Monday's report highlights a continued deterioration in the business environment for Chinese enterprises in the EU, with overall ratings falling for the fifth year in a row.
In 2024, Chinese companies rated the EU's business environment at 62 points, a sharp decline from 73 points in 2019. Survey data shows that 68 percent of respondents believe the business environment has worsened over the past year, with over half claiming the EU market is no longer "fair and open."
Over half the respondents reported experiencing "differentiated treatment," the report further noted.
Chinese businesses urged the EU in the report to create a fair, transparent and predictable market environment for foreign enterprises. Despite the EU's commitment to "fair market principles," 64 percent of Chinese enterprises felt they were being treated differently due to their Chinese origin, the report said.
The latest report came as China and the European Commission have been in intense talks over the bloc's decision to impose additional tariffs on Chinese electric vehicles (EVs), a move that has drawn strong and wide opposition from some officials and industry representatives even from within the bloc.
Commenting on the matter, Monday's report noted that the EU's decision to take anti-subsidy measures against Chinese battery electric vehicles (BEVs) will have negative impacts including to the corresponding industry of the EU.
Chinese companies said the EU's countervailing investigation into new BEVs from China, the object of extensive press coverage in the past year, would damage the EU's industry environment, the report said. Chinese companies urged the two sides to reach a fair and mutually acceptable agreement as soon as possible based on a minimum price commitment, according to the CCCEU.
Companies also called for a price commitment agreement to eliminate high anti-subsidy tariffs, the Chinese chamber said.
This report reflects concerns of some Chinese enterprises regarding investment in Europe and also highlights the current environment faced by both China and the EU, Zhou Mi, a senior research fellow at the Chinese Academy of International Trade and Economic Cooperation, told the Global Times on Monday.
On the one hand, industrial and supply chain relationships between China and the EU remain quite close, with many Chinese companies choosing to invest in the EU, and still hoping to gain long-term development capabilities from investment cooperation and seeing the potential for growth in the European market, Zhou said. On the other hand, our enterprises are also concerned about uncertainties caused by trade frictions and trade protectionism, the expert said.

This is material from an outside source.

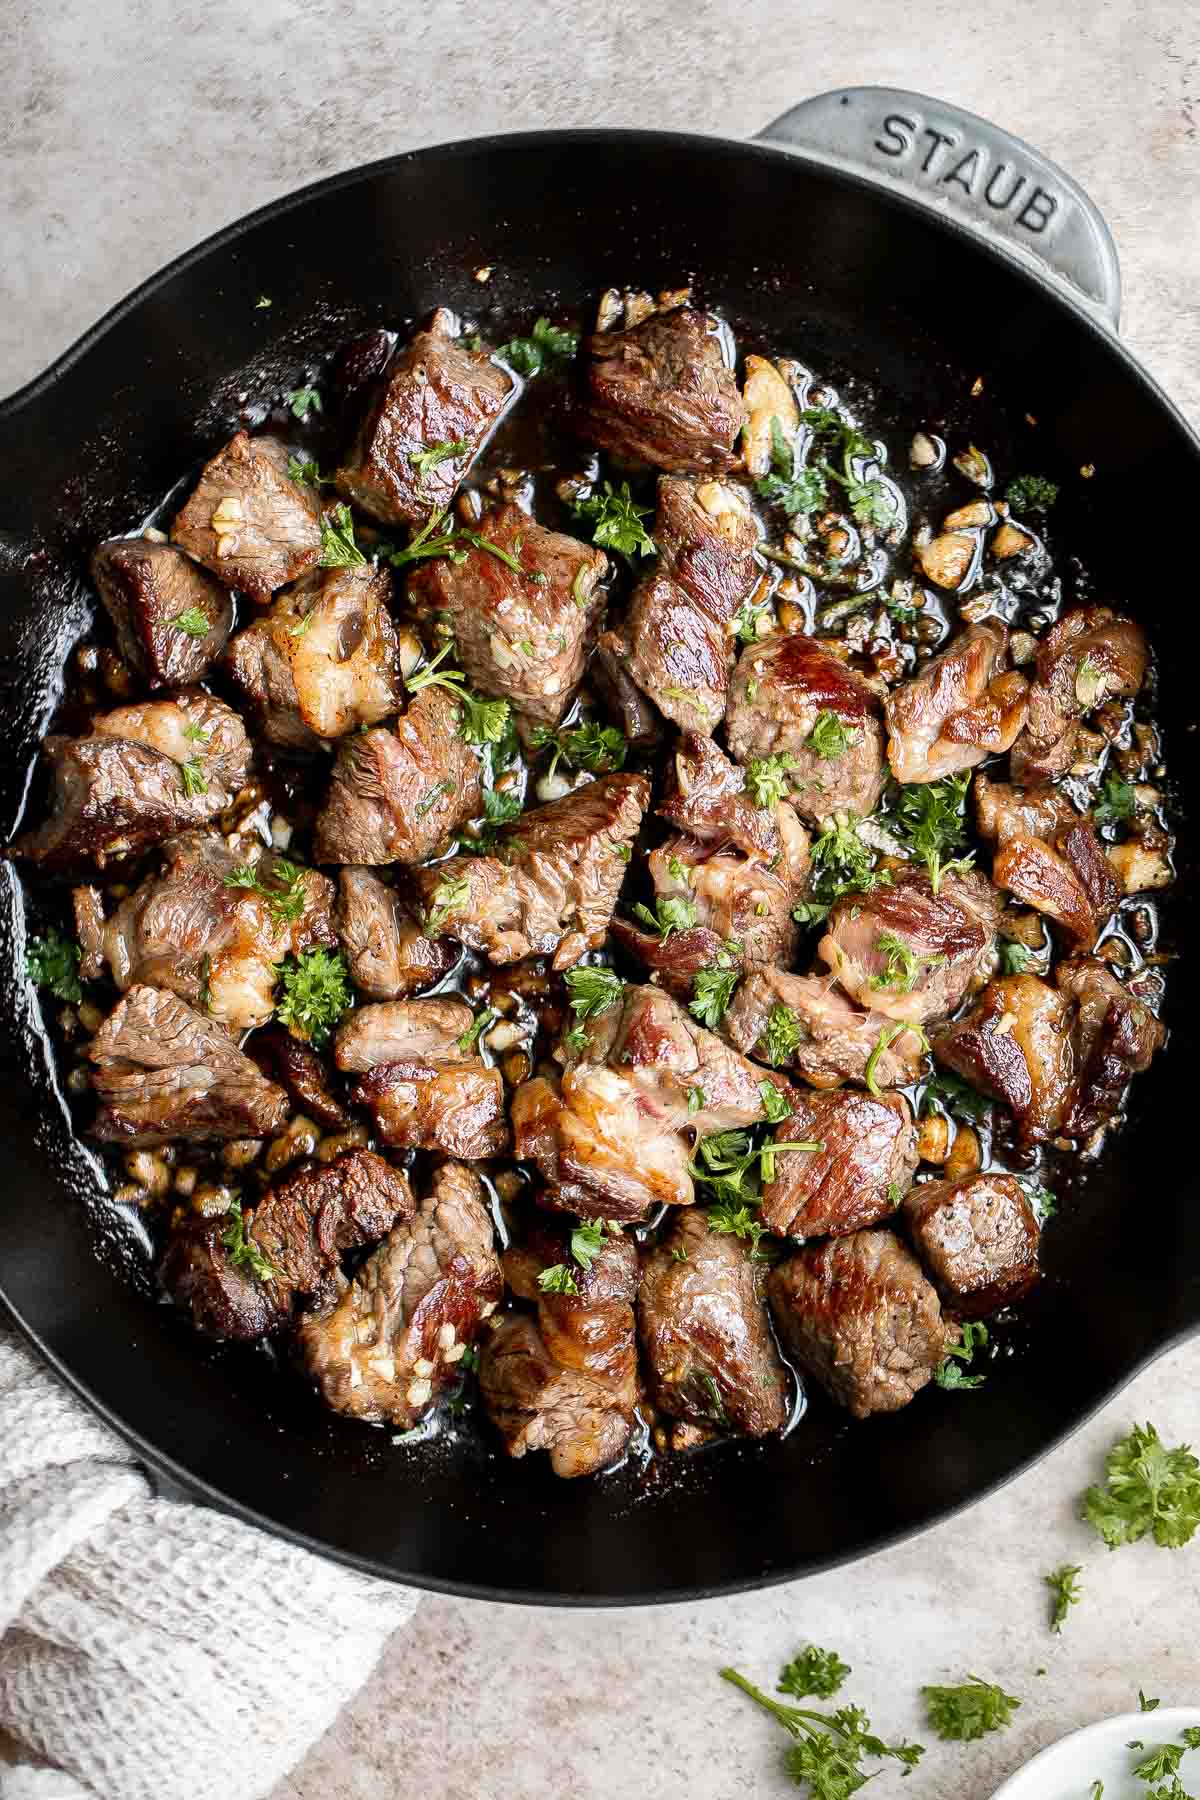 Garlic Butter Steak Bites are tender, juicy, and flavorful. This quick and easy appetizer or weeknight dinner takes just 15 minutes to make in one skillet. | aheadofthyme.com

"In order to put Europe's economy on the path of recovery and sustainable growth, it is necessary to provide a predictable environment for foreign enterprises, especially Chinese enterprises, reduce unfair accusations and defamation against Chinese companies, and apply the principle of national treatment to Chinese enterprises," Zhou said, noting that these are all crucial areas where the EU needs to put in greater effort, as this is the path to win-win cooperation.
Despite these challenges, Chinese enterprises remain optimistic about the EU's long-term market potential, according to the report. About 21 percent of respondents consider the EU their most important market outside China, with 66 percent expecting its strategic importance to grow in the next 1-3 years.
The survey also revealed that 55 percent of Chinese enterprises remain optimistic about the medium- to long-term prospects for China-EU trade and economic relations, particularly in areas such as green cooperation and digital transformation.
The economic ties between China and the EU remain strong, said Liu Jiandong, chairman of the CCCEU, on Monday at the online launch event for the report, citing that daily trade exceeded 2 billion euros ($2.11 billion) in 2024.
"These [Chinese] companies contribute to EU tax revenue, job creation and innovation," Liu said, noting that China and the EU have complementary advantages in strategically important areas for the future, indicating vast potential for joint development.